A team of scientists have developed a method to illuminate the dynamic behavior of nanoparticles. This is a fundamental component in the creation of pharmaceuticals, electronics, industrial and energy fusion materials.
This advance, reported in Journal Science's “Visualization and Instability of Nanoparticle Surface Dynamics and Instability Enabled by Deep Removal,” combines artificial intelligence and electron microscopy to render a vision of how these small substances respond to stimuli.
“The nature of particle change is very diverse and manifests as rapid changes in the flaxional period, atomic structure, particle shape and orientation. To understand these dynamics, we need to understand new statistical tools,” the author of the paper. “This study will utilize topological data analysis to quantify flaxionism and introduce new statistics that track particle stability during transitions between ordered and disordered states.”

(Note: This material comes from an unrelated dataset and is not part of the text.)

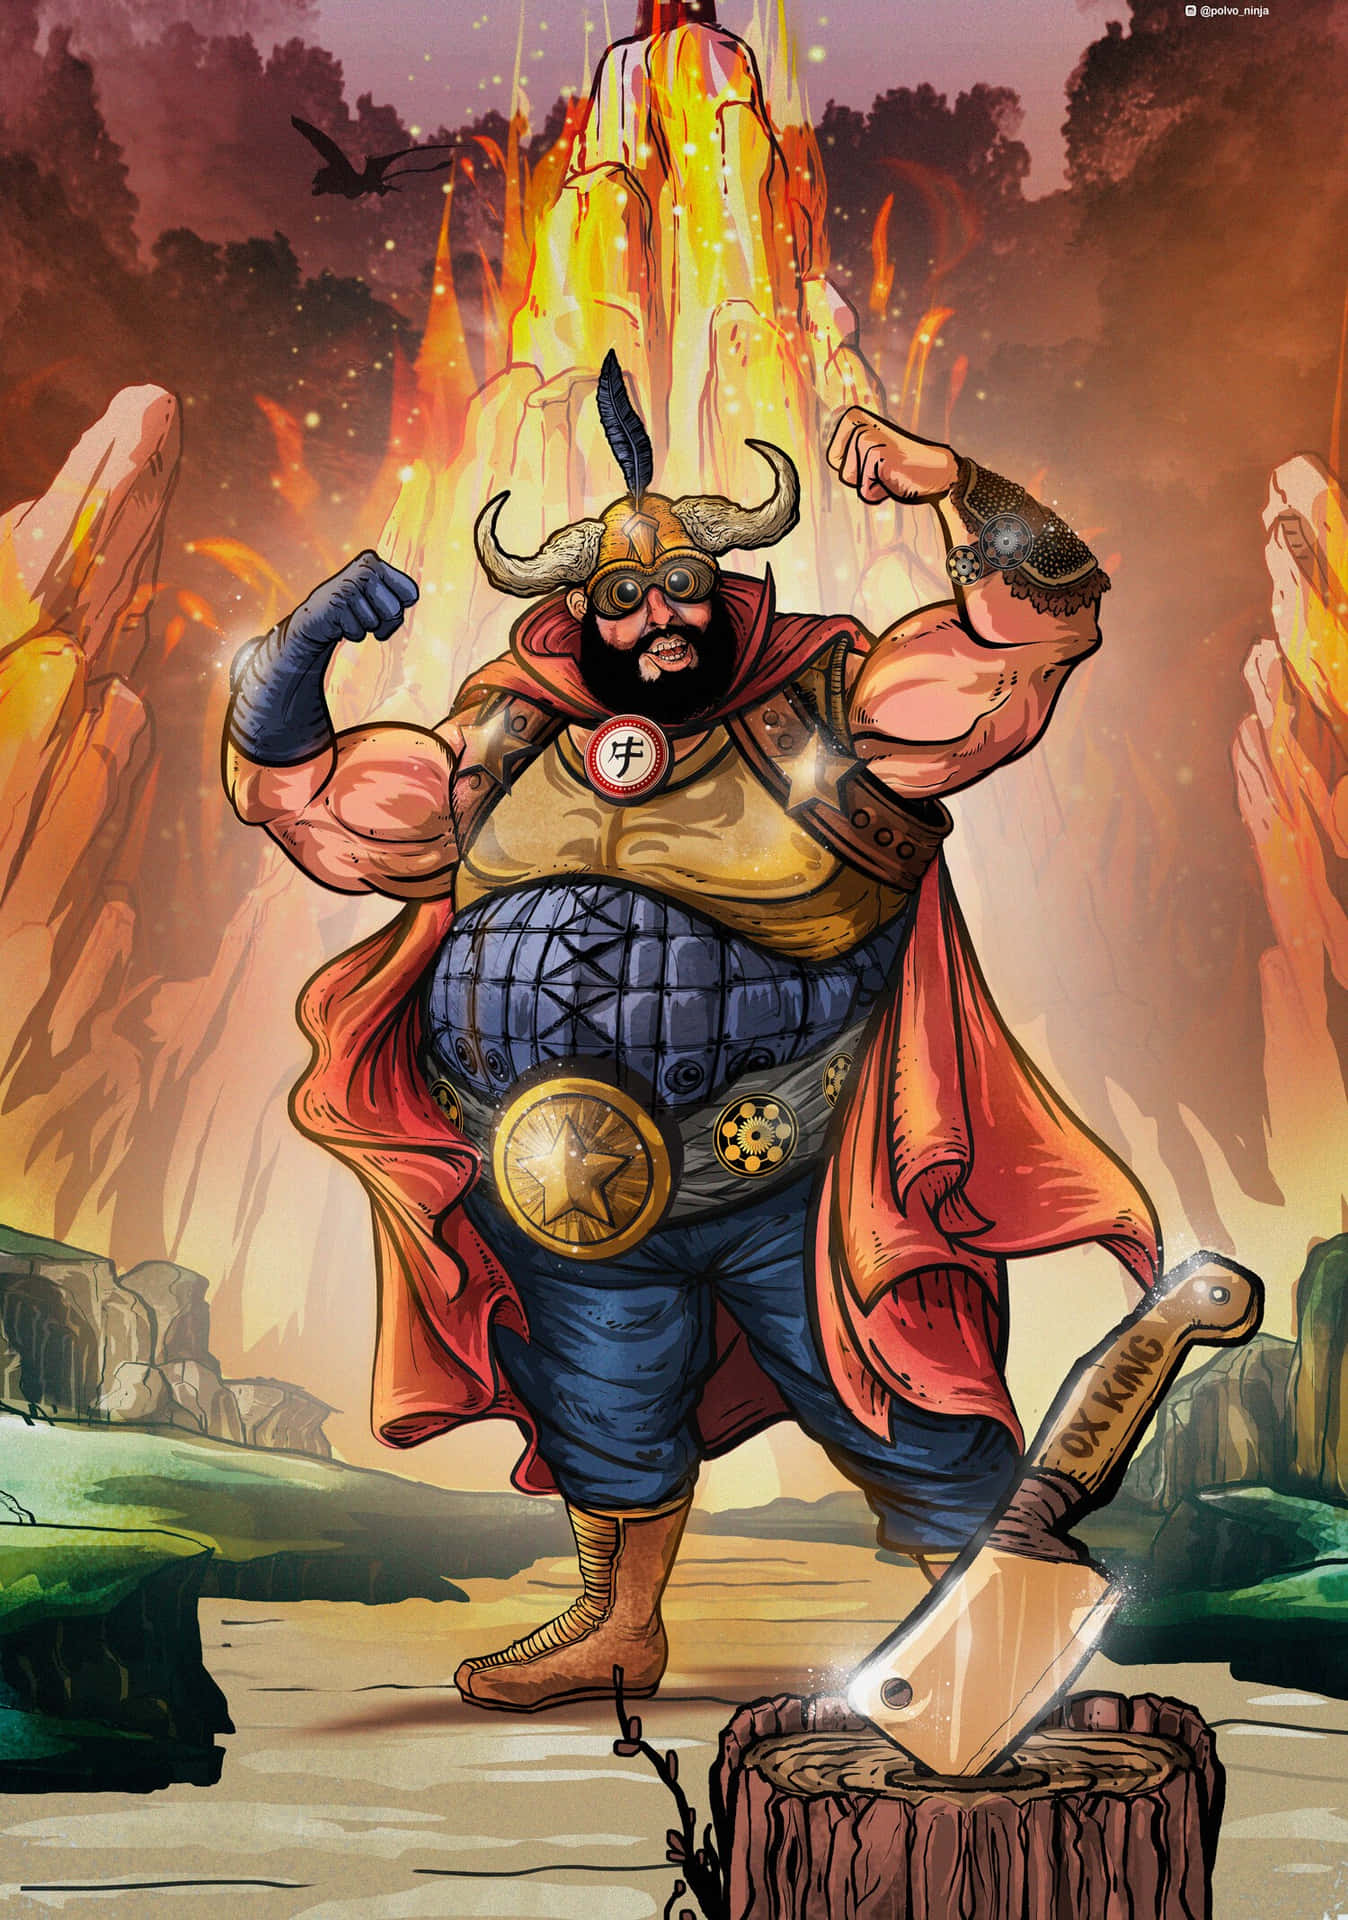 The Ox King, ruler of Fire Mountain" Wallpaper

The study also includes researchers from New York University, Arizona State University and the University of Iowa, where electron microscopes can be blended with AI to allow scientists to see the structure and movement of molecules a hundredth of a meter of their size in an unprecedented time-resolution.

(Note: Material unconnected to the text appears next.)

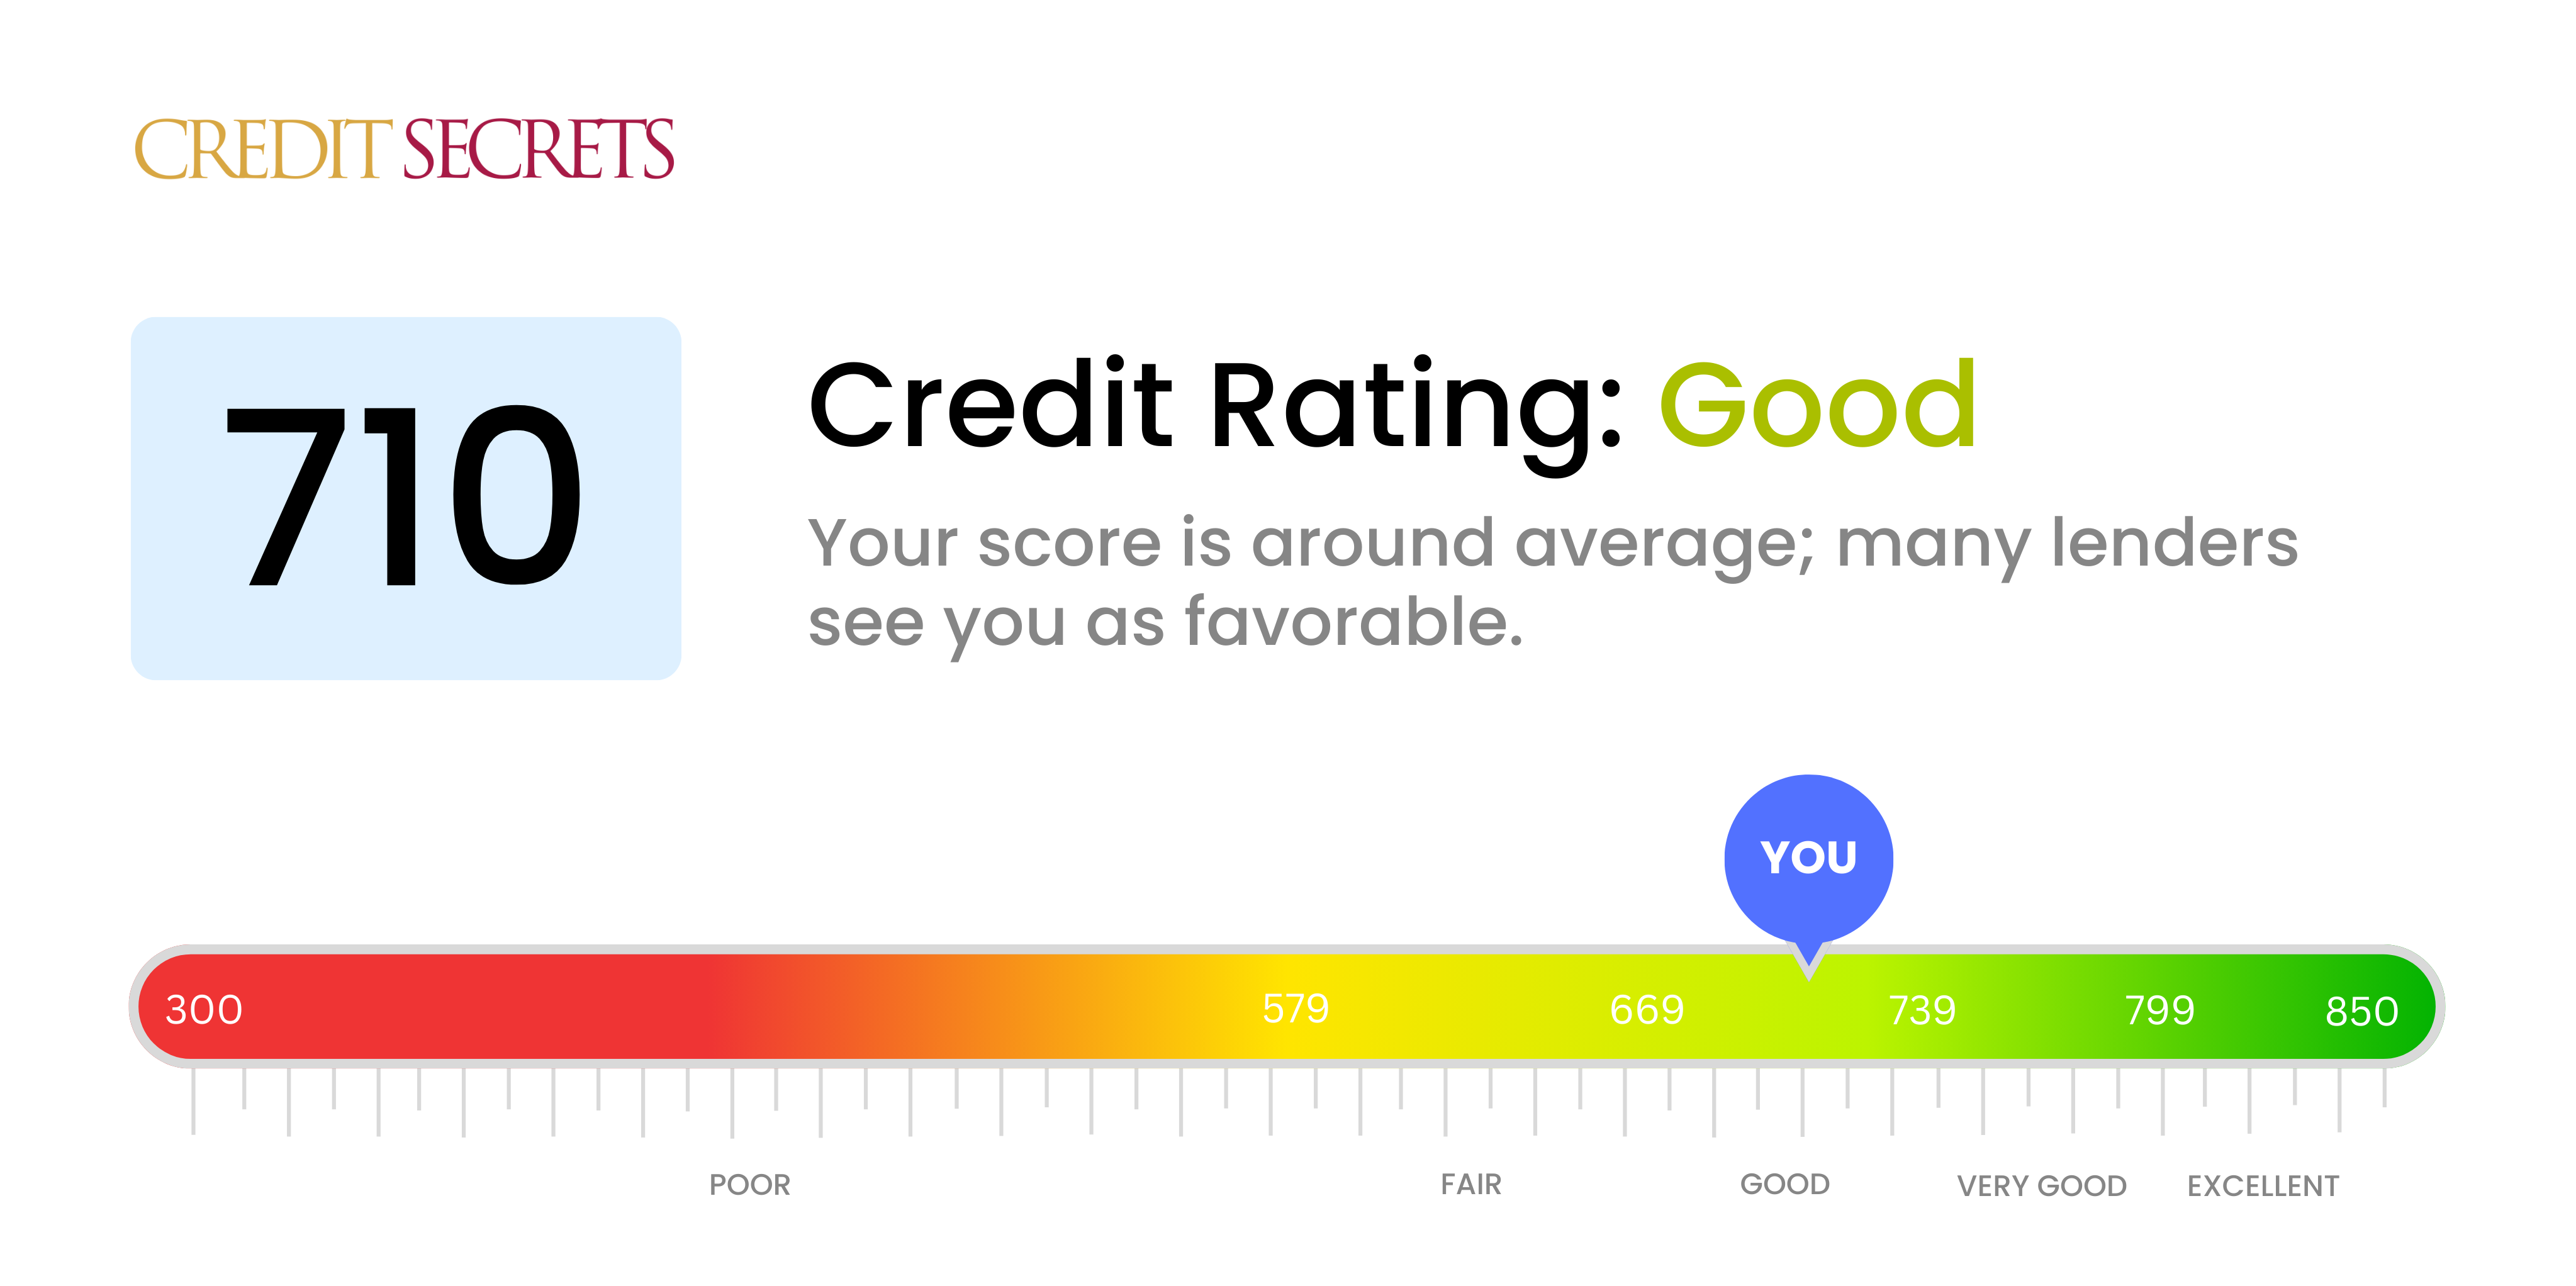 Is 710 a good credit score?

“Nanoparticle-based catalytic systems have a major impact on society,” says Carlos Fernandez-Granda, director of the NYU's Data Science Center and professor of mathematics and data science, one of the authors of the paper. “It is estimated that 90% of all manufactured products are involved in catalytic processes somewhere in the production chain. We have developed an artificial intelligence method that opens a new window to explore the atomic-level structural dynamics of materials.”
Observing the movement of atoms on nanoparticles is important for understanding their function in industrial applications. The problem is that the atoms are barely visible to the data, so scientists are unable to be sure how they behave. This corresponds to a tracking object for video shot with an older camera. To address this challenge, the paper authors trained deep neural networks, the computational engine of AI. This “brightens” the electron microscope image and reveals the underlying atoms and their dynamic behavior.
“Electronic microscopy allows images to be captured with high spatial resolution, but due to the rate at which the atomic structure of nanoparticles changes during chemical reactions, data must be collected at extremely high speeds to understand their function.”
“This creates a very loud measurement. We have developed an artificial intelligence method that will help us learn how to remove this noise.
This research was supported by a grant from the National Science Foundation.